Retrieval and Generation of Clinical Insights from PDF

Overview
Features
System Requirements
Setup
Usage
Acknowledgments
Contributions

Overview

The RAFT project integrates Retrieval-Augmented Generation (RAG) with fine-tuning approaches to provide a versatile question-answering system. Leveraging the strengths of OpenAI GPT-3.5 Turbo and Google MedPaLM 2, this framework aims to enhance information retrieval and generation capabilities across various domains.

Features

1. Unified Vector Store

A single vector store is used for document retrieval, ensuring efficiency and speed regardless of the selected generation model.

2. Dynamic LLM Integration

Seamlessly switch between OpenAI GPT-3.5 Turbo and MedPaLM 2 depending on the specific needs of the query and the context provided by the user.

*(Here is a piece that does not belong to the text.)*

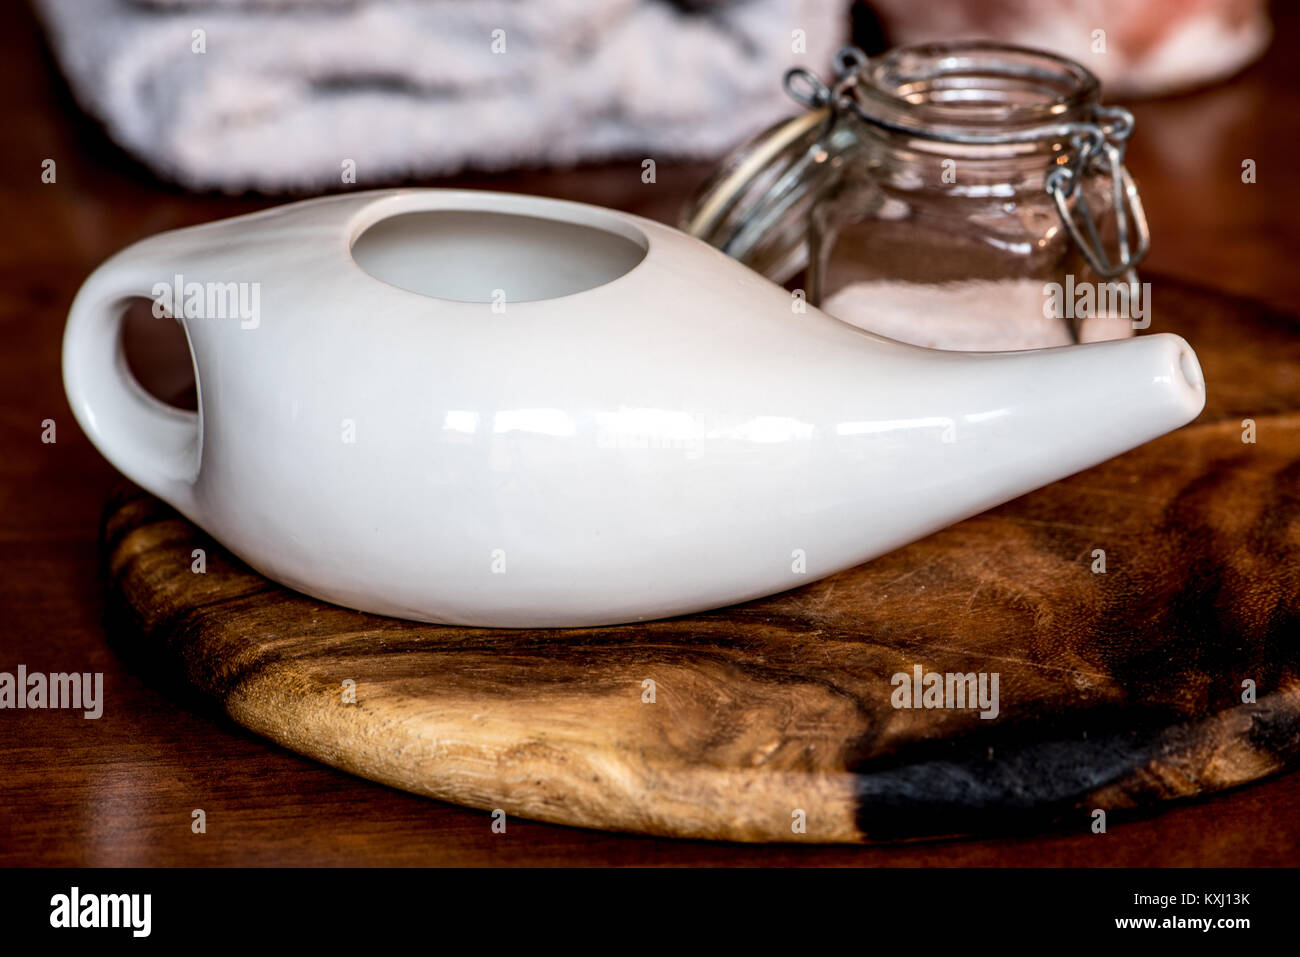 Pot neti ayurvédique, des outils pour nettoyer le nez avec de l'eau et le  sel, sur une table en bois Photo Stock - Alamy

3. Interactive Streamlit UI

A user-friendly interface allows for real-time uploading of PDF documents and querying, making the system accessible to users with minimal technical background.

System Requirements

Python 3.11.5 or higher
Dependencies as listed in the requirements.txt file

Setup

To get started with the RAFT project, follow these steps:

Clone the repository:

git clone <repository_url>

Navigate to the project directory:

cd RAFT

Create a Virtual Environment:

python -m venv venv

Activate the Virtual Environment:

source venv/bin/activate  # Mac/Linux
venv\Scripts\activate     # Windows

Install Dependencies:

pip install -r requirements.txt

Set Environment Variables: Create a .env file in the project root with the following variables (Please refer the example.env file):

OPENAI_API_KEY=your_openai_api_key_here
FINE_TUNED_MODEL_NAME=ft:gpt-3.5-turbo-0125:your_fine_tuned_model_name
GOOGLE_API_KEY=your_google_api_key_here

Usage

To run the Streamlit application, use the following command:

streamlit run app.py

This will launch the Streamlit server, allowing you to upload PDF files and ask questions in real-time.

Uploading PDF Files

Use the file uploader in the Streamlit app to upload one or more PDF files.
The system will process the PDFs and create a vector store for retrieval.

Asking Questions

After uploading PDF files, enter your question in the text area and click the "Ask" button.
The system will return an answer based on the selected language model.

Acknowledgments

LangChain: A framework for building applications with large language models and data.
Chroma: An open-source embedding database for retrieval.
OpenAI: Provides the GPT-3.5 Turbo language model.
Google Palm: A generative language model from Google.

Contributing

Contributions to this project are welcome. Please fork the repository and submit a pull request for any changes or improvements.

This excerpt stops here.